Re: RFC: Logging plan of the running query

From: Kyotaro Horiguchi <horikyota(dot)ntt(at)gmail(dot)com>
To: masao(dot)fujii(at)oss(dot)nttdata(dot)com
Cc: torikoshia(at)oss(dot)nttdata(dot)com, pgsql-hackers(at)lists(dot)postgresql(dot)org
Subject: Re: RFC: Logging plan of the running query
Date: 2022-02-01 08:27:57
Message-ID: 20220201.172757.1480996662235658750.horikyota.ntt@gmail.com
Views: Raw Message | Whole Thread | Download mbox | Resend email
Thread:
Lists: pgsql-hackers

At Tue, 1 Feb 2022 01:51:11 +0900, Fujii Masao <masao(dot)fujii(at)oss(dot)nttdata(dot)com> wrote in
>
>
> On 2022/01/28 17:45, torikoshia wrote:
> >> There is the case where the request to log a query plan is skipped
> >> even while the target backend is running a query. If this happens,
> >> users can just retry pg_log_query_plan(). These things should be
> >> documented?
> > Agreed.
> > Added following:
> >   +        Note that there is the case where the request to log a
> > query
> >   +        plan is skipped even while the target backend is running a
> >   +        query due to lock conflict avoidance.
> >   +        If this happens, users can just retry pg_log_query_plan().
>
> This may cause users to misunderstand that pg_log_query_plan() fails
> while the target backend is holding *any* locks? Isn't it better to
> mention "page-level locks", instead? So how about the following?
>
> --------------------------
> Note that the request to log the query plan will be ignored if it's
> received during a short period while the target backend is holding a
> page-level lock.
> --------------------------
>
>
> >> +            ereport(LOG_SERVER_ONLY,
> >> +                errmsg("backend with PID %d is holding a page
> >> lock. Try again",
> >> +                    MyProcPid));
> >>
> >> It seems more proper to output this message in DETAIL or HINT,
> >> instead.
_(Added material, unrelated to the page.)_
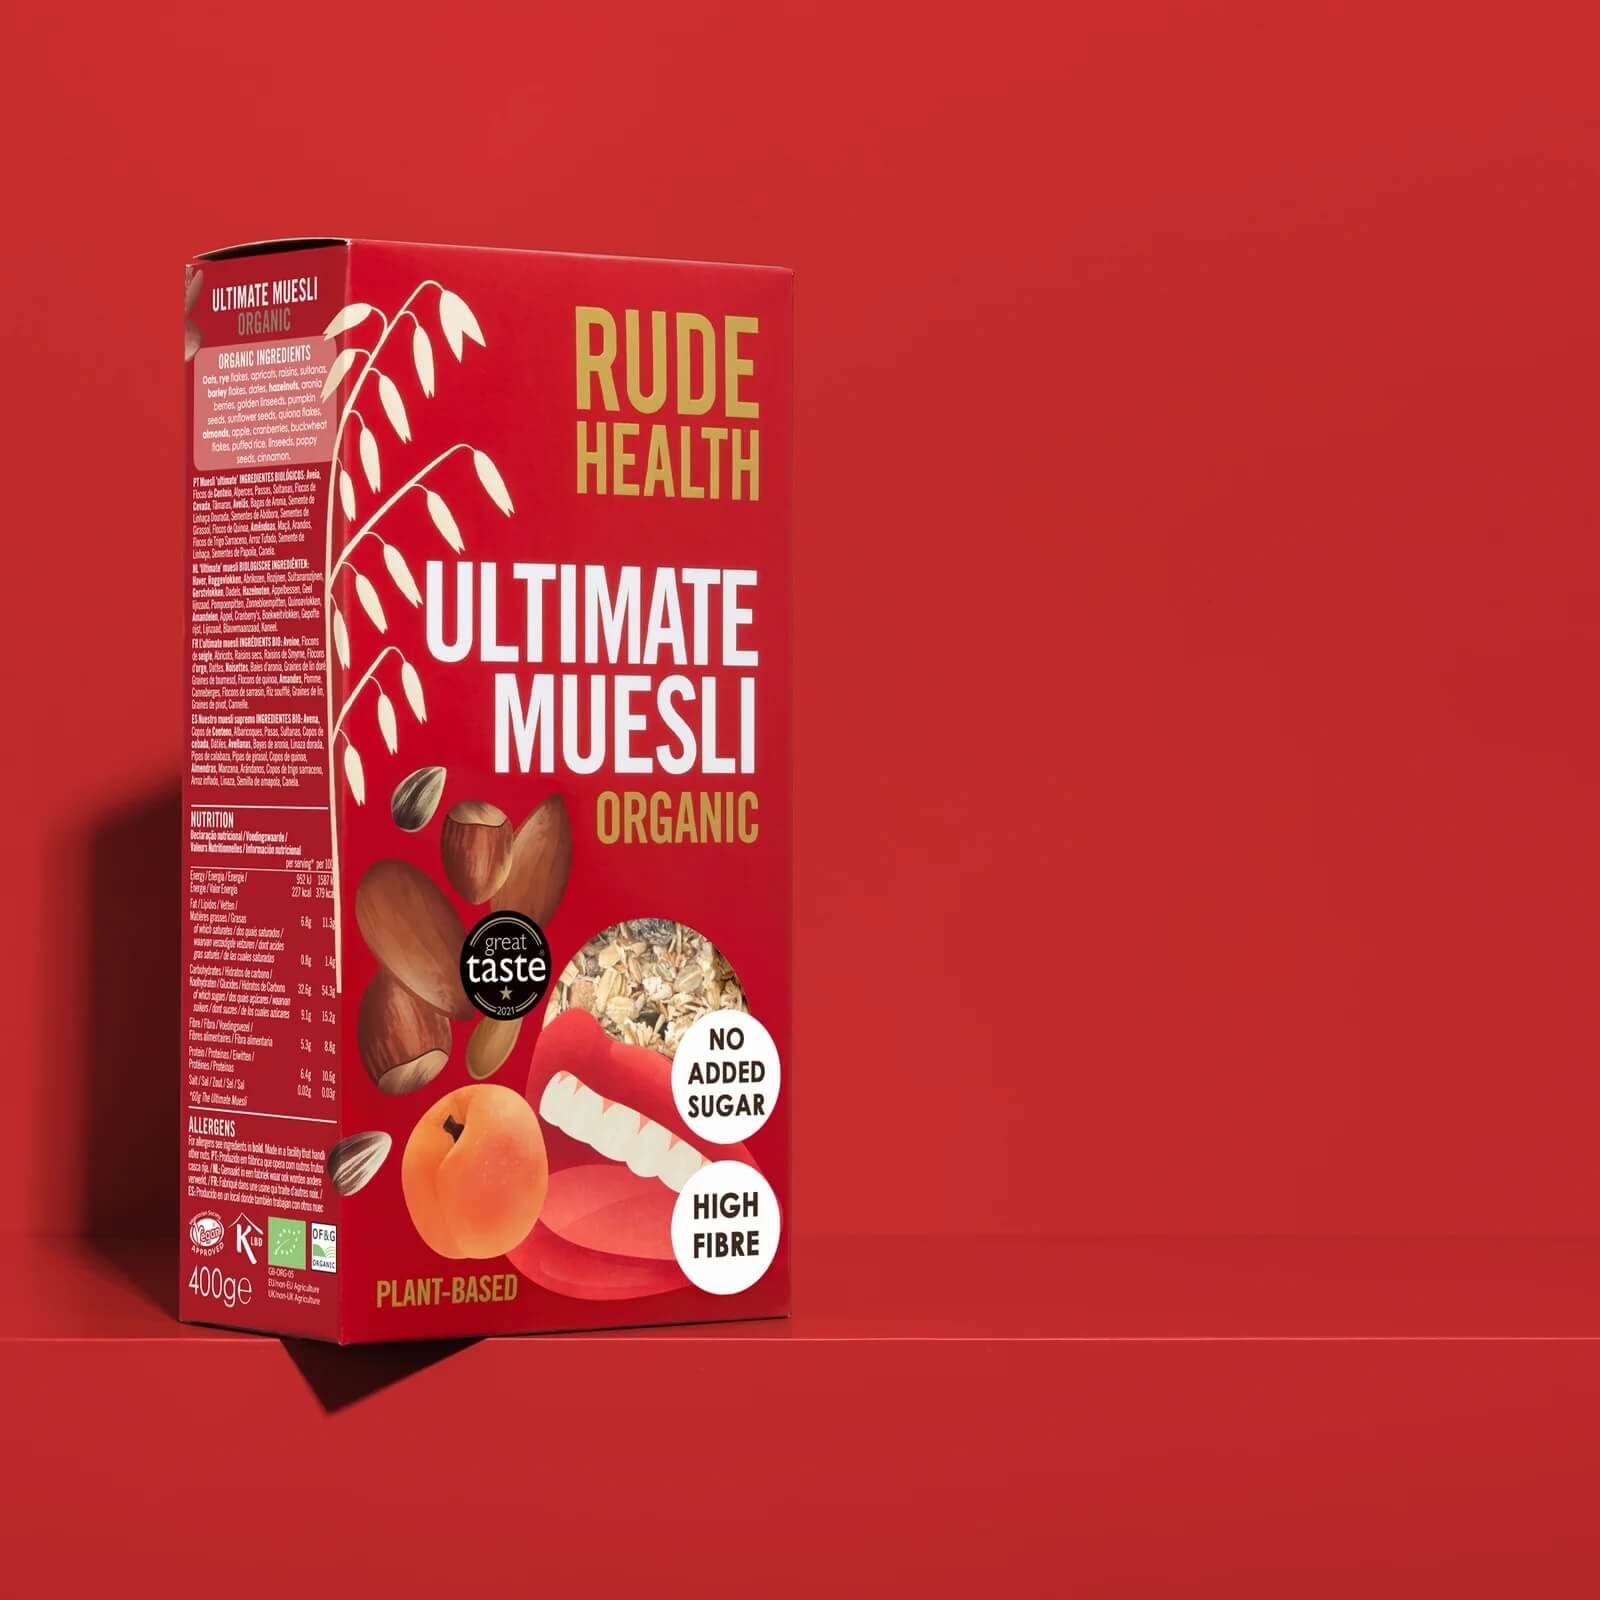 Image of The Ultimate Muesli made in the UK by Rude Health. Buying this product supports a UK business, jobs and the local community

So how about something like the following messages?
> >>
> >> LOG: could not log the query plan
> >> DETAIL: query plan cannot be logged while page level lock is being
> >> held
> >> HINT: Try pg_log_query_plan() after a few ....
> > Agreed.
> > I felt the HINT message 'after a few ...' is difficult to describe,
> > and wrote as below.
> > | HINT: Retrying pg_log_query_plan() might succeed since the lock
> > | duration of page level locks are usually short
> > How do you think?
>
> Or we don't need HINT message?
>
>
> + errmsg("could not log the query plan"),
> + errdetail("query plan cannot be logged while page level lock is
> being held"),
>
> In detail message, the first word of sentences should be
> capitalized. How about "Cannot log the query plan while holding
> page-level lock.", instead?
>
>
> Thanks for updating the patch! Here are some review comments.
>
> + <row>
> + <entry role="func_table_entry"><para role="func_signature">
> + <indexterm>
> + <primary>pg_log_query_plan</primary>
> + </indexterm>
>
> This entry is placed before one for
> pg_log_backend_memory_contexts(). But it should be *after* that since
> those entries seem to be placed in alphabetical order in the table?
>
>
> + Requests to log the plan of the query currently running on the
> + backend with specified process ID along with the untruncated
> + query string.
>
> Other descriptions about logging of query string seem not to mention
> something like "untruncated query string". For example, auto_explain,
> log_statement, etc. Why do we need to mention "along with the
> untruncated query string" specially for pg_log_query_plan()?
>
>
> + Note that nested statements (statements executed inside a function)
> are not
> + considered for logging. Only the plan of the most deeply nested
> query is logged.
>
> Now the plan of even nested statement can be logged. So this
> description needs to be updated?
>
>
> @@ -440,6 +450,7 @@ standard_ExecutorFinish(QueryDesc *queryDesc)
> MemoryContextSwitchTo(oldcontext);
> + ActiveQueryDesc = NULL;
>
> ActiveQueryDesc seems unnecessary. Why does ActiveQueryDesc need to be
> reset to NULL in standard_ExecutorFinish()?
>
>
> Currently even during ProcessLogQueryPlanInterrupt(),
> pg_log_query_plan() can be call and another
> ProcessLogQueryPlanInterrupt() can be executed. So repeatable
> re-entrances to ProcessLogQueryPlanInterrupt() could cause "stack
> depth limit exceeded" error. To avoid this, shouldn't we make
> ProcessLogQueryPlanInterrupt() do nothing and return immediately, if
> it's called during another ProcessLogQueryPlanInterrupt()?
>
> pg_log_backend_memory_contexts() also might have the same issue.

Good catch.

By the way, I'm anxious about the following part and I'd like to
remove it.

+ * Ensure no page lock is held on this process.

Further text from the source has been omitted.